Burning REITs in Data Centers – Should You Invest?

If you’ve been on the right side of the grass in the past decade, you’ve probably noticed that almost everything in the software and computing world has moved to the cloud.

Google, Amazon, Facebook, Apple, Microsoft – all the big boys run their platforms via the cloud. The sheer number of servers required to perform these operations is overwhelming. In addition to these large companies, countless thousands of smaller companies also use the cloud to run their software services. CRM companies, social media, podcasting, blogging, etc. all need server farm space to function.

In addition to this already expanding trend, the COVID-19 crisis and the associated shift from physical office space to digital work have greatly accelerated the need for more digital space for working and communicating from home.

Data center drivers

On the surface, data centers just seem like big boxes, much like other industrial real estate investments like warehouses that house those huge servers.
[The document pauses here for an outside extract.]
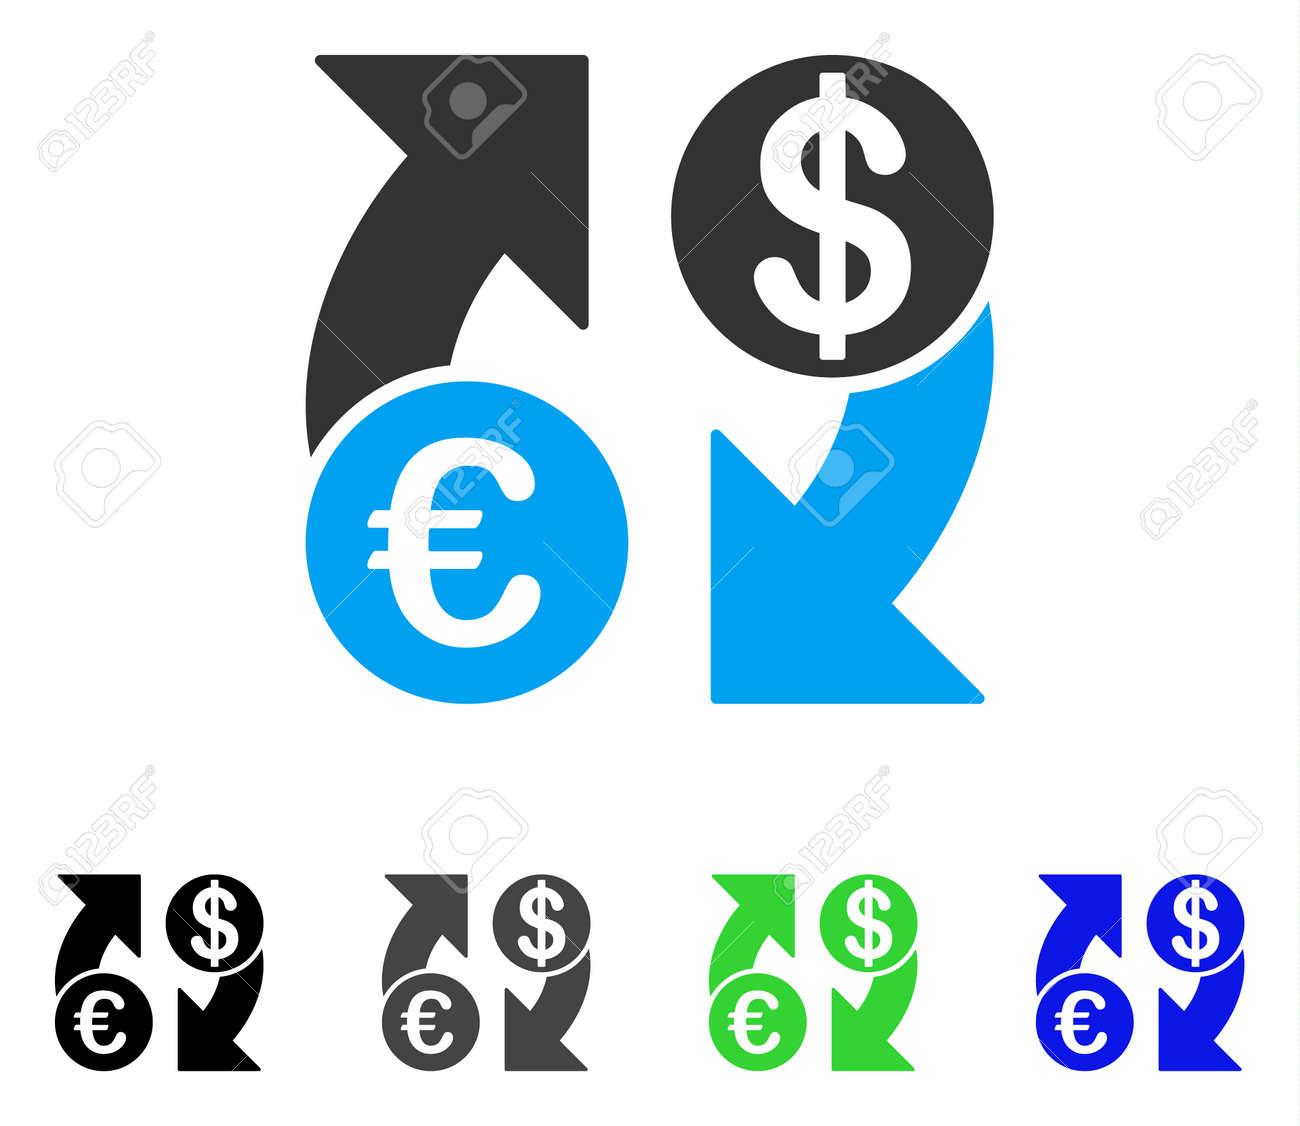 Euro Dollar Exchange Flechas Vector Icono Plano. Coloreado Dólar ...

However, unlike industrial real estate, where things like ceiling heights and loading bays are paramount, much of the capital in data centers is invested in the electrical, HVAC and power distribution infrastructure to ensure that the servers have the energy and climate they need and maintained to use.

There may be interesting opportunities for real estate investors to own data centers and benefit from the ever-increasing storage requirements in our digital world.

We can look at the big data center REITs for some insight into how the room works. Hoya Capital recently did a nice rundown where you can see that the data center REITs are on fire, making 17-28% annual profits over the past five years.

In short, the data center space is mainly determined by the location and whether the center provides pure wholesale storage to customers or creates value through colocation and interconnection. The most conveniently located centers can benefit customers by putting together servers from companies that work together and charge premium rates over a simpler wholesale approach.

Do you need to understand the cloud to invest in data centers?

Owning a data center is like selling picks and shovels to the gold diggers during a gold rush. Instead of having to know exactly how, when or where the next technological innovations will take place, you can simply deliver the critical real estate services that are needed regardless of the changes taking place. Rather than having to pick the right tech company or stock to drive demand for the data, we can simply align ourselves with this broader trend and take advantage of every horse that wins the race.

As a potential landlord to tenants such as Amazon, IBM, Intel, Oracle, Salesforce, or a number of other providers, you will not own the servers; these belong to the tenants. Landlords own the building and the infrastructure that enables the servers to operate. The tenants usually own and manage the servers directly, so no cloud computing expert is required.

Data centers have the added benefit of being resilient during economic downturns. Unlike some other forms of real estate such as hotels, retail, industrial, and some types of housing, data center space is likely to be resilient in the face of a recession.

While it’s true that companies can cut IT budgets in difficult economic conditions, these data centers are critical to the backbone of the Internet, which goes nowhere. Are you going to stop using your smartphone because of a recession? People will continue to use social media, communicate, and do business online even during a downturn. The Internet of Things and 5G connectivity will continue to give the industry a tailwind in the years to come.

I’m looking forward to

In terms of risk, one of the biggest potential downsides is simply the complexity and scale that it takes to get into the area. Another reason is that the sector has seen a lot of exciting growth and hence capital is flowing. Newer, more highly technical buildings are constantly going online and there is a risk of oversupply if more operators enter the area.

It’s unlikely that a small, new investor could just step in. It may make most sense to own one of the listed REITs or join a syndication as a limited partner in order to get exposure to this asset class.

If you’re interested in this asset class, this article is just the beginning. There is an entirely separate class of terminology and research that you need to understand the space. If it piques your interest, the rest is up to you.